Data below

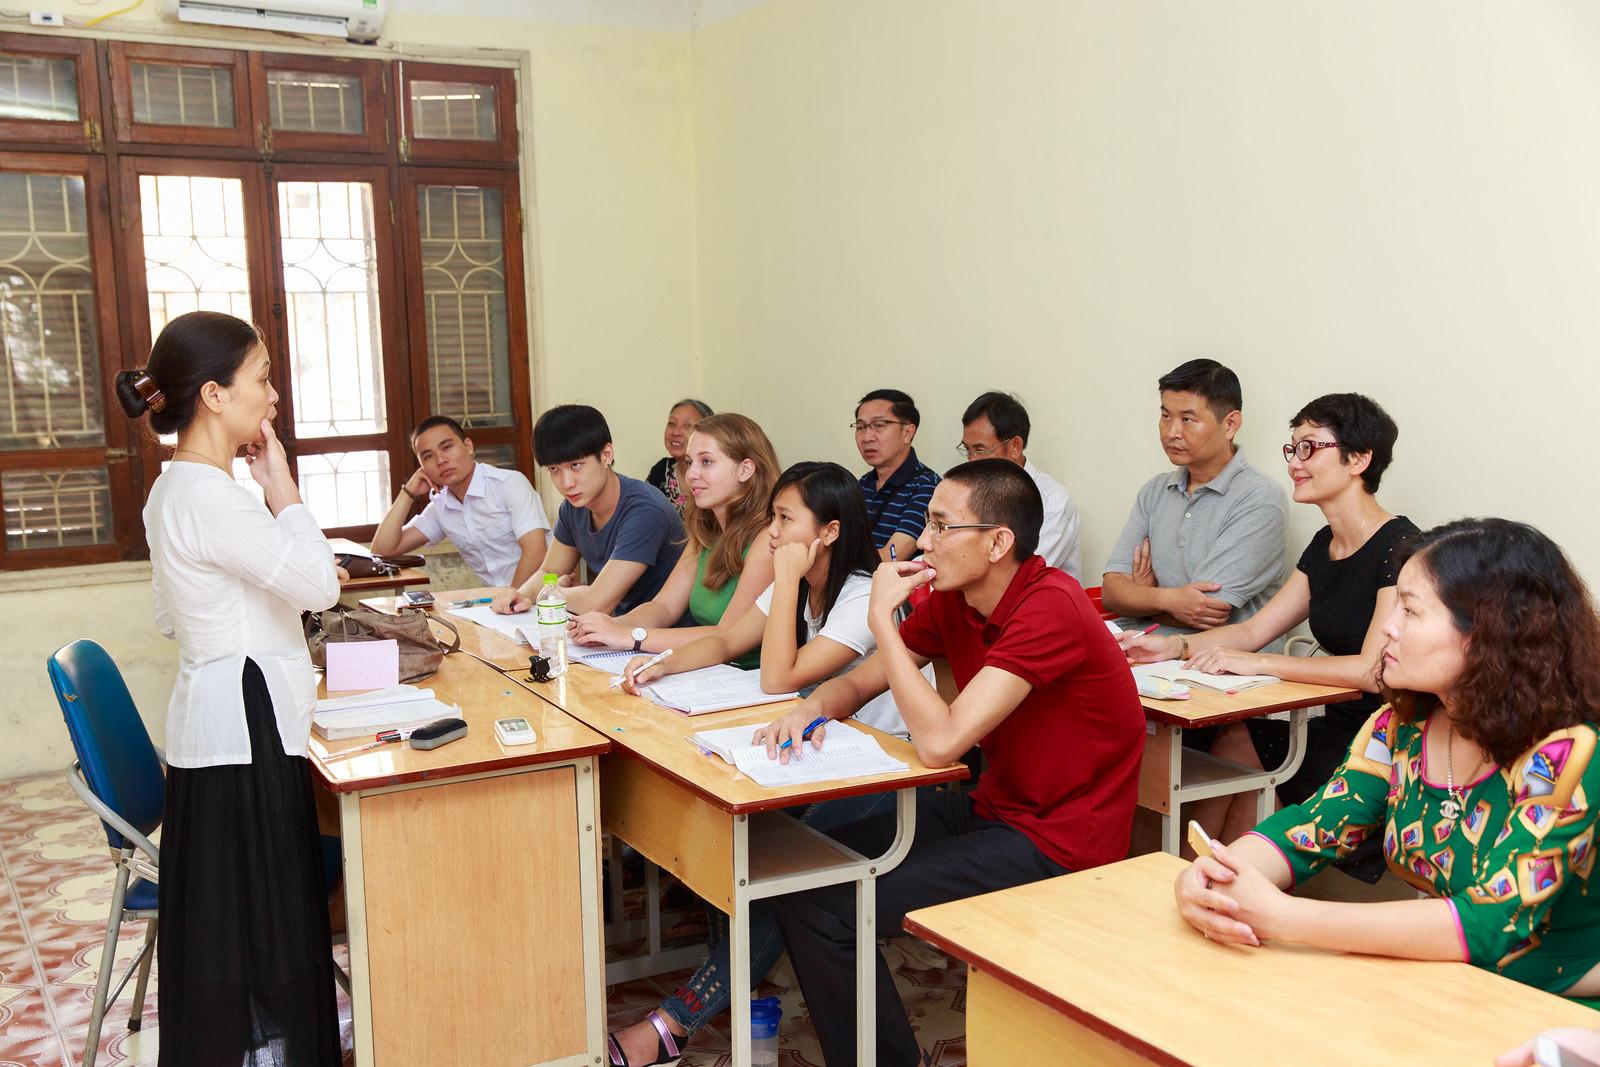 """Tuyển sinh khoá """"Phương pháp giảng dạy tiếng Việt cho người nước ngoài"""", 12/2016"""
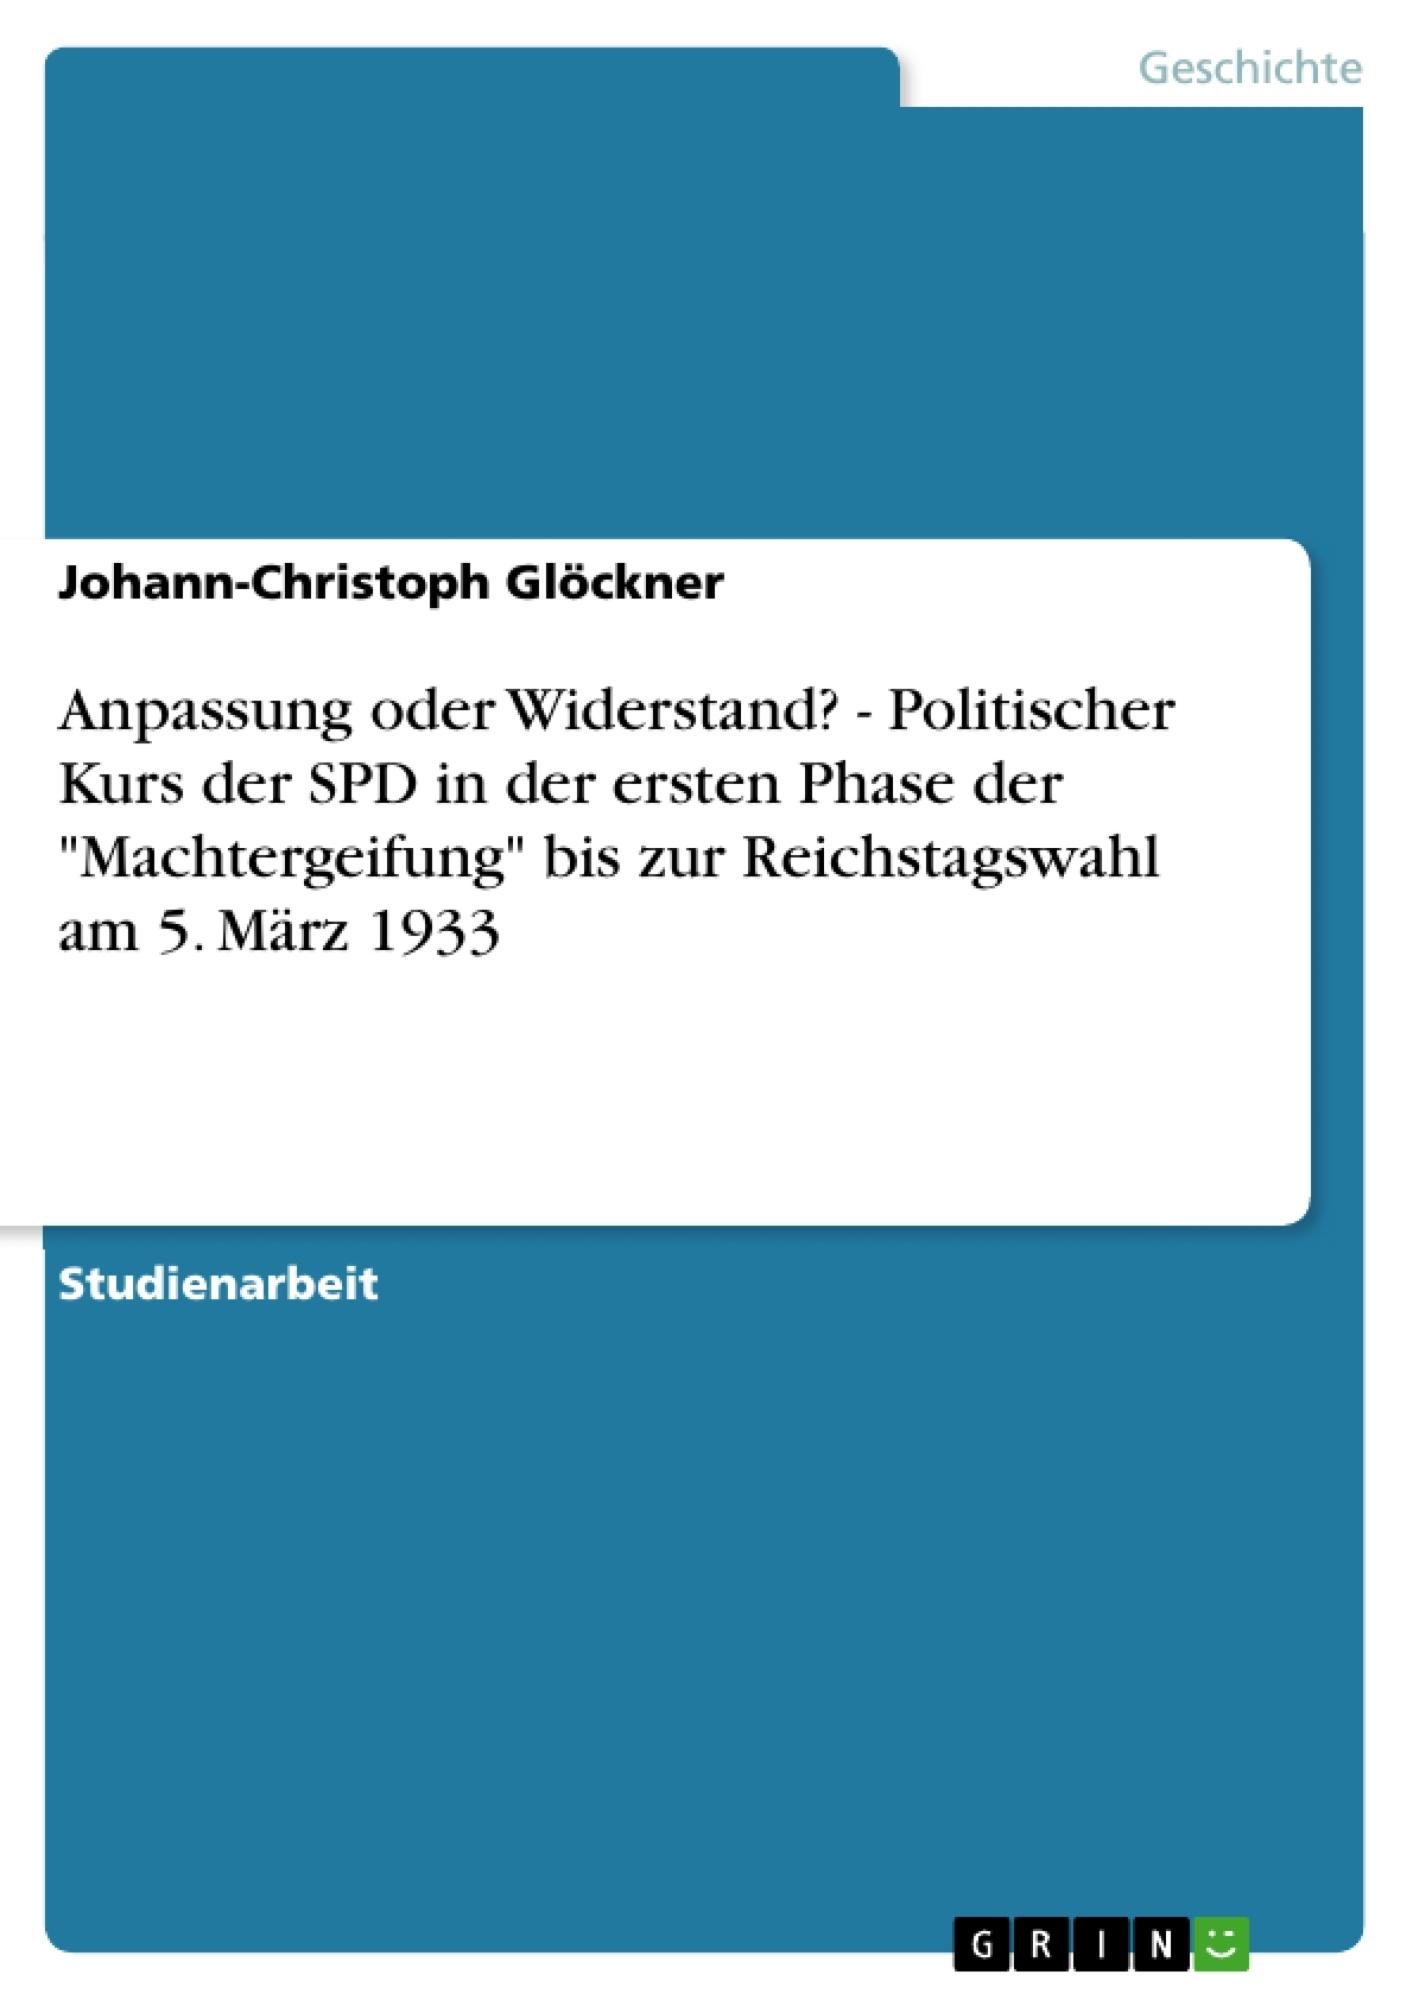 """Titel: Anpassung oder Widerstand? - Politischer Kurs der SPD in der ersten Phase der """"Machtergeifung"""" bis zur Reichstagswahl am 5. März 1933"""
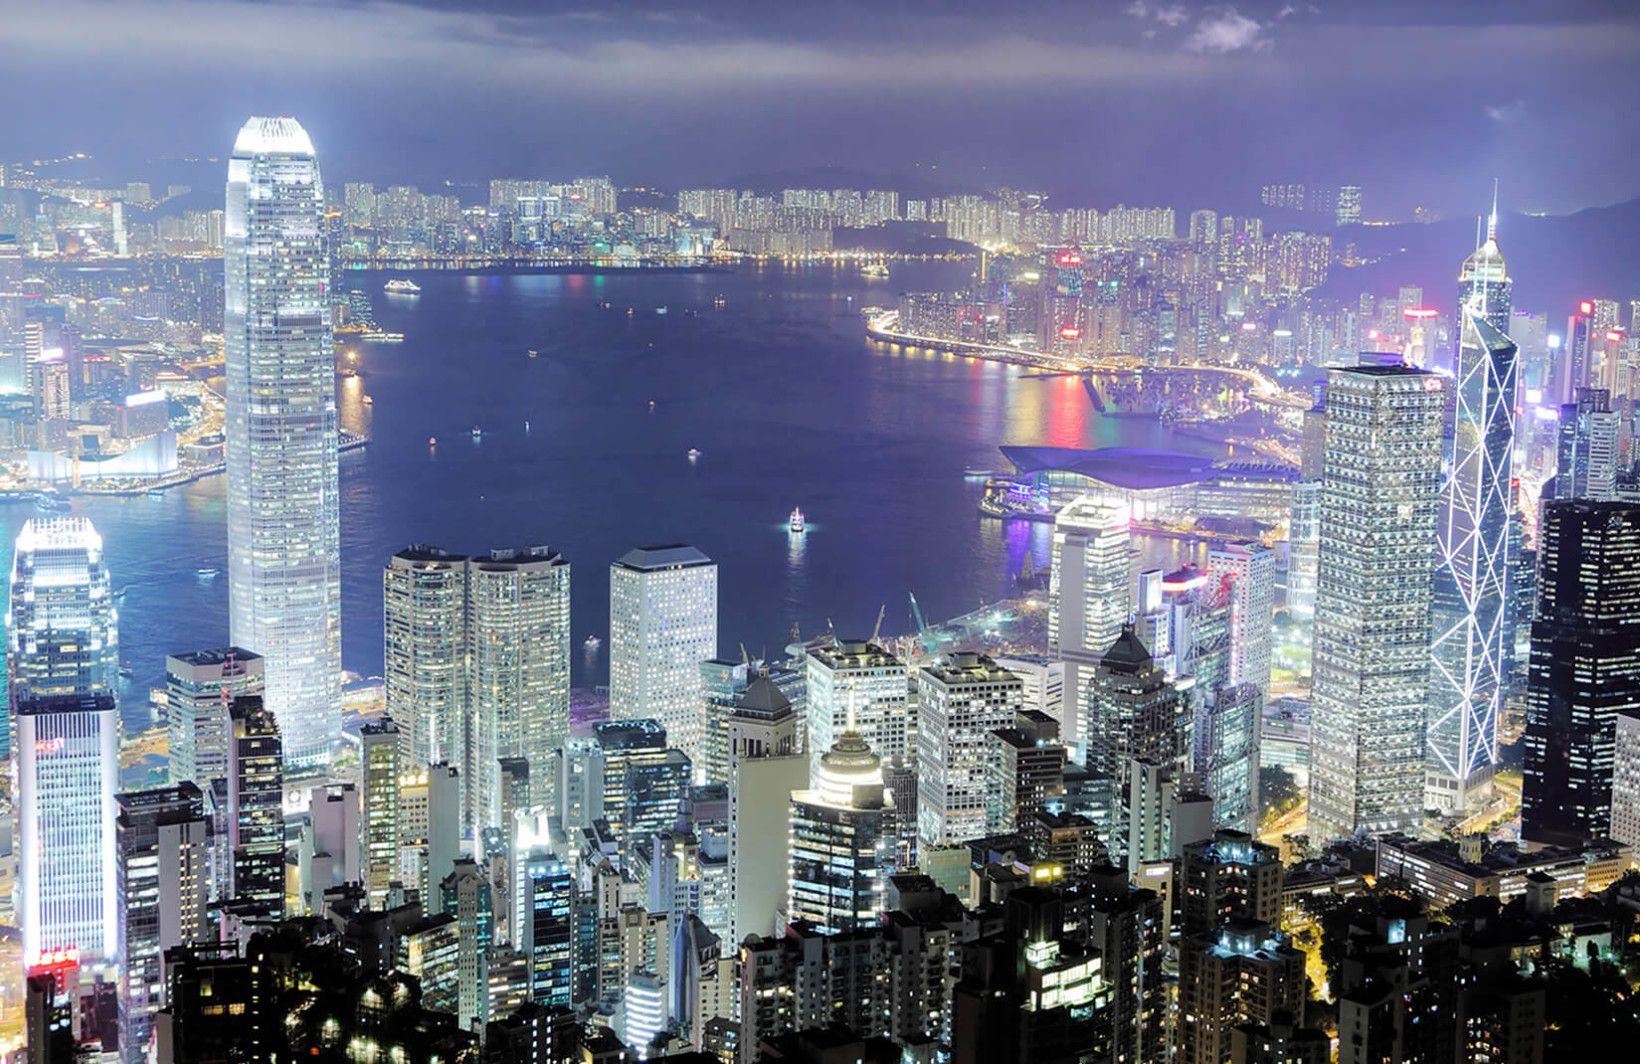 Hong Kong Lights Wallpaper Mural Mural wallpaper, View

Assigned task
Set down all of the material word for word, but keep each picture out.

Finished exercise
 """Tuyển sinh khoá """"Phương pháp giảng dạy tiếng Việt cho người nước ngoài"""", 12/2016"""
 """Titel: Anpassung oder Widerstand? - Politischer Kurs der SPD in der ersten Phase der """"Machtergeifung"""" bis zur Reichstagswahl am 5. März 1933"""
 Hong Kong Lights Wallpaper Mural Mural wallpaper, View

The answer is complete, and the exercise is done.